GoogleCodeExporter commented 8 years ago
What alternatives are there to Html Agility Pack and SgmlReader? I have found
SgmlReader to be pretty slow.

Has anyone used HtmlUnit? We could use http://www.ikvm.net/ to convert that 
library
to .net?

Original comment by jake....@gmail.com on 9 Dec 2009 at 4:26

GoogleCodeExporter commented 8 years ago
IKVM.net is excellent and so is HtmlUnit, but the tests I've done show that the 
converted code is awfully slow to initialize and somewhat slower during 
execution 
than the unconverted code.
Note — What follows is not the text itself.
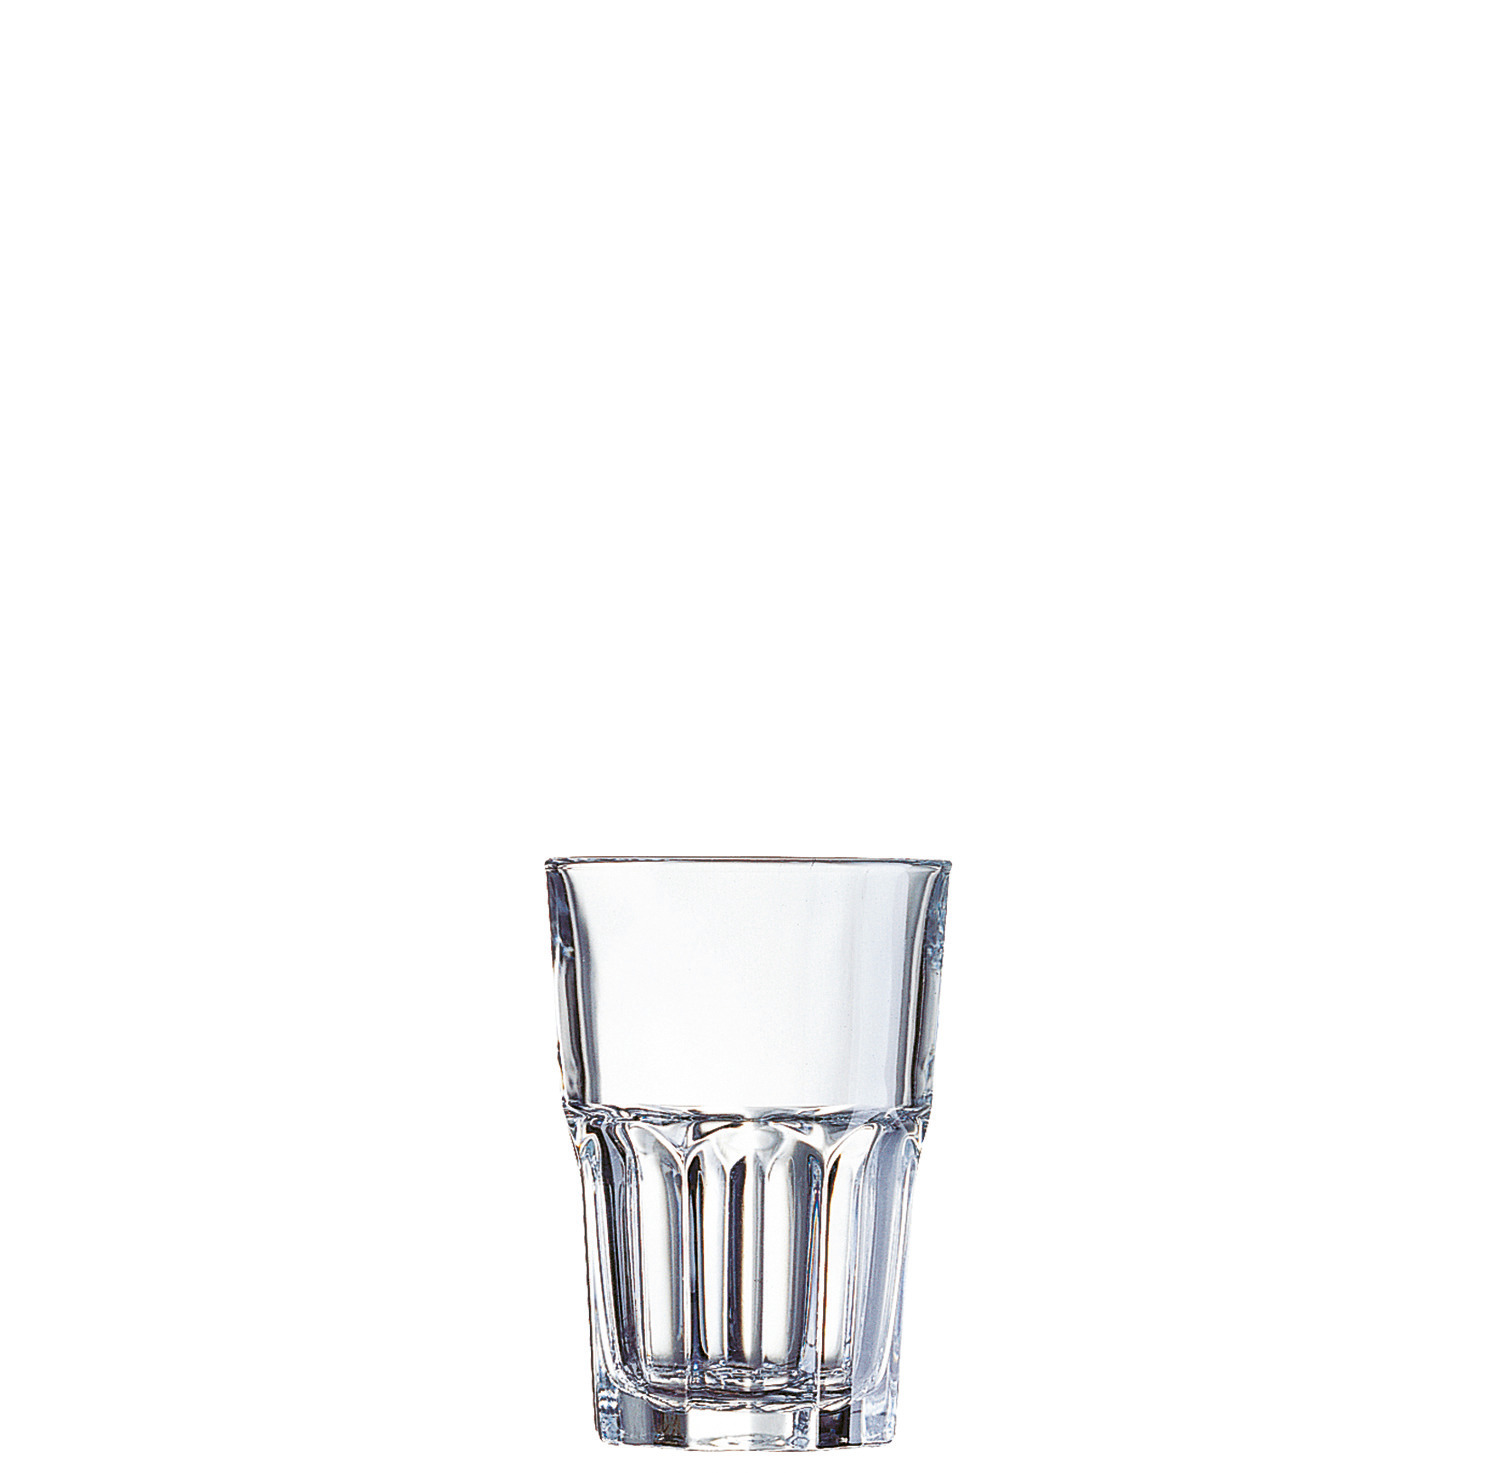 Longdrinkglas "FH35" stapelbar 84 mm / 0,35 l 0,25 /-/ transparent

That's not to say a patch from you implementing the 
conversion and HtmlUnit as a DOM engine in Fizzler should be declined, though. 
:)

Original comment by asbjornu on 9 Dec 2009 at 10:27

GoogleCodeExporter commented 8 years ago
I'm still noticing an issue where it seems to return null (no results) when 
passing "form" or an ID of a form (eg. "#form1"), even when using LoadHtml2 or 
in Visual Fizzler.  

Has anyone else still had this issue?

Original comment by mmezza...@gmail.com on 23 Jul 2010 at 4:14

GoogleCodeExporter commented 8 years ago
This issue was closed by revision 073aa958b22b.

Original comment by azizatif on 4 Jan 2013 at 8:31

GoogleCodeExporter commented 8 years ago
This issue was closed by revision 9c7132c82f3c.

Original comment by azizatif on 4 Jan 2013 at 10:56